Он уже видит, какой эффект произвел его смех. По лицу Лоры скользнуло удивление, но тут же сменилось яростью и даже отвращением: она словно окаменела. Теперь Сэмюэл понимает, что его смех, неискренний и агрессивный, как у киношного злодея, прозвучал жестоко. Лора напряглась, выпрямилась, насторожилась и холодно смотрела на него. От слез не осталось и следа. Не передать словами, как быстро изменилось выражение ее лица. Сэмюэлу пришло на ум словосочетание, которое он видел на упаковках замороженных овощей в продуктовом магазине: “мгновенная заморозка”.

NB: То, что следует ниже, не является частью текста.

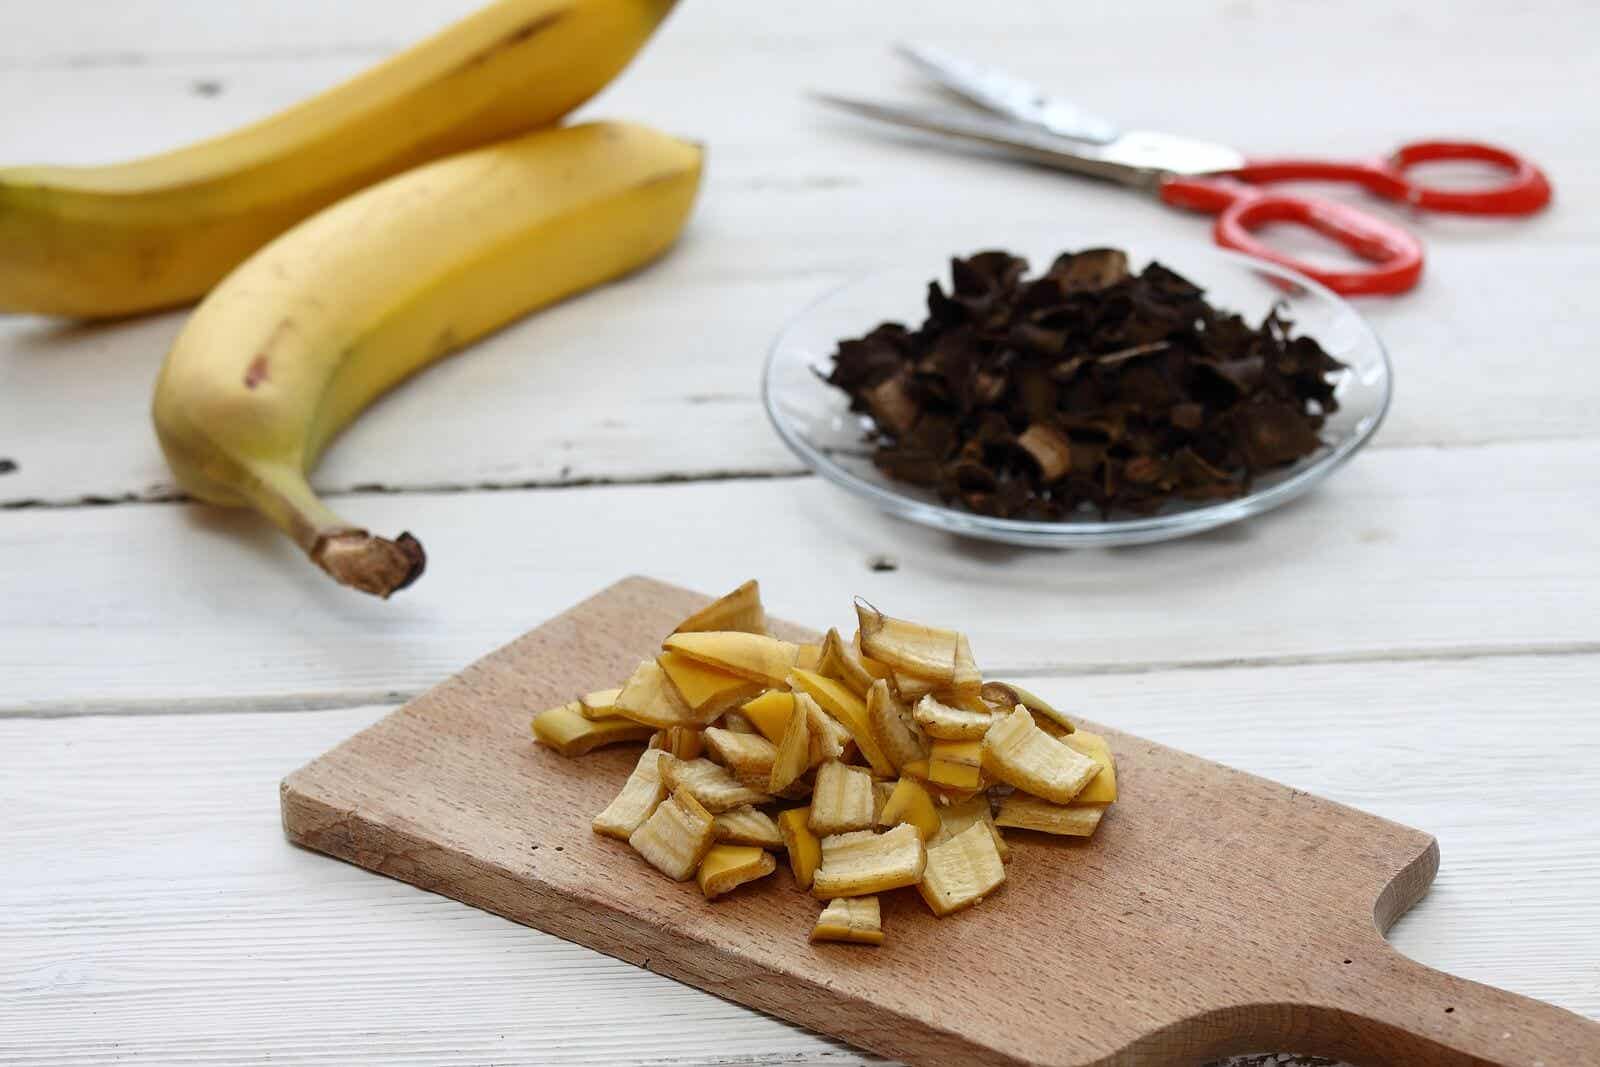 ¿Cómo aprovechar los usos medicinales de la cáscara de banana?

– Зачем вы так? – неестественно ровным, сдержанным тоном спросила Лора. Пугающее спокойствие, от которого веет опасностью, как от наемного убийцы.
– Простите, я не хотел.
Она мучительно долго разглядывает его лицо. Капля, свисавшая с ее носа, исчезла. Невероятная трансформация: ни намека на то, что Лора плакала. Даже щеки сухие.
– Вы надо мной смеялись, – произносит она.
– Да, – признает Сэмюэл. – Все так.
– Почему вы надо мной смеялись?
– Простите, – отвечает он. – Я был неправ. Мне очень жаль.
– За что вы меня так ненавидите?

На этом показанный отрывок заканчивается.